Aku dan Capaik juga menceritakan tentang kenekatan perjalanan ke Jawa yang baru saja kami alami, tidak dengan uang banyak, tetap sampai juga. Kisah-kisah itu barangkali bukan apa-apa, sekadar bumbu-bumbu cerita, bahkan mungkin banyak lagi orang yang memiliki cerita seru atau lebih menyedihkan ketimbang kami. Namun kuperhatikan beberapa kawan Edwar tampak khidmat menyimak hingga haru terpancar di raut muka mereka.

“Asyik, ya,” kata salah seorang teman Edwar.

“Sepertinya, kehidupan Mak Etek dan Bang Malin selalu terlepas dari zona nyaman,” ujar teman Edwar satunya lagi.

“Bukan terlepas, tapi kan, setiap orang itu punya definisi nyaman masing-masing, yang suatu saat itu bisa berubah,” kataku.
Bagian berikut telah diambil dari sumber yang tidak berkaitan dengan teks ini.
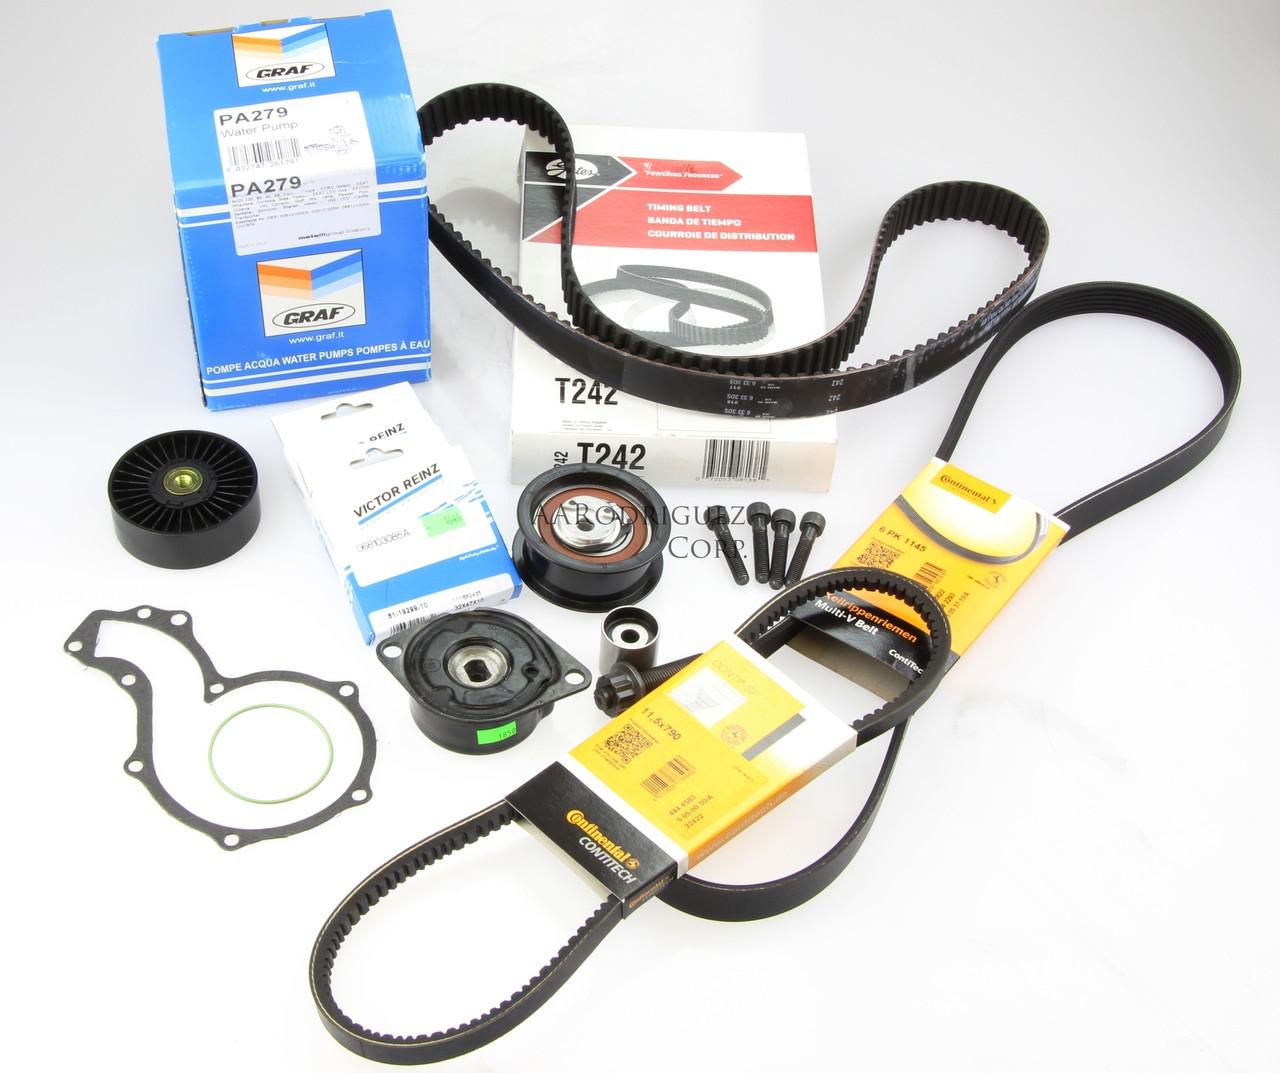 MK3 & B4 Deluxe Timing Belt Kit '96-98 TDI -  1Z AHU TDI 60k Rating (AAR1458)

“Lu, lu itu yang pada terlalu mengandalkan duit orang tua,” si Capaik bersabda tiba-tiba saja. “Makanya lu pada nggak pernah mikir. Apa-apa tau ada, ya kan? Kalau kita, apa-apa harus berusaha dulu, kalau nggak, diakalin gimana supaya bisa. Iya sekarang, bisa lu pada ngebanggain duit orang tua, tapi kalau tau-tau nanti orang tua lu udah nggak ada, gimana?”

Aku mengernyit. Entah tersengat apa, mendadak si Capaik jadi sosok ‘Mak Etek’ yang baik dan benar di depan keponakan dan teman-temannya. Kata-katanya cukup tajam, tetapi tak masalah bagi mereka yang sudah biasa dan bukan baru kenal dengannya. Semuanya jadi diam. Aku jadi diam-diam menahan senyum. Seperti Ospek saja.

Lalu, “Hahaha, kenapa pada diam semua, lu?”, kata si Capaik. “Santai lagi, santai...”

“Kata-katanya nusuk, sih,” kata temannya Edwar.

“Lu sih, Tek...” kata Edwar.

Aku menyulut rokok. Yang lain sama.

Malam itu aku tidurnya di kamar si Edwar, bersama si Capaik dan satu teman Edwar yang tidak pulang, Brian namanya. Aku masih susah tidur, sebab tak terbiasa. Kira-kira jam sebelas malam, hp ku berbunyi, yang ternyata adalah Pak Datuk, salah seorang adik Apak yang ada di Bogor. Setelah kuberi tahu kalau aku sudah di Depok, beliau menyuruhku untuk ayo ke Bogor. Oke, Pak Datuk, kataku, besok aku ke sana.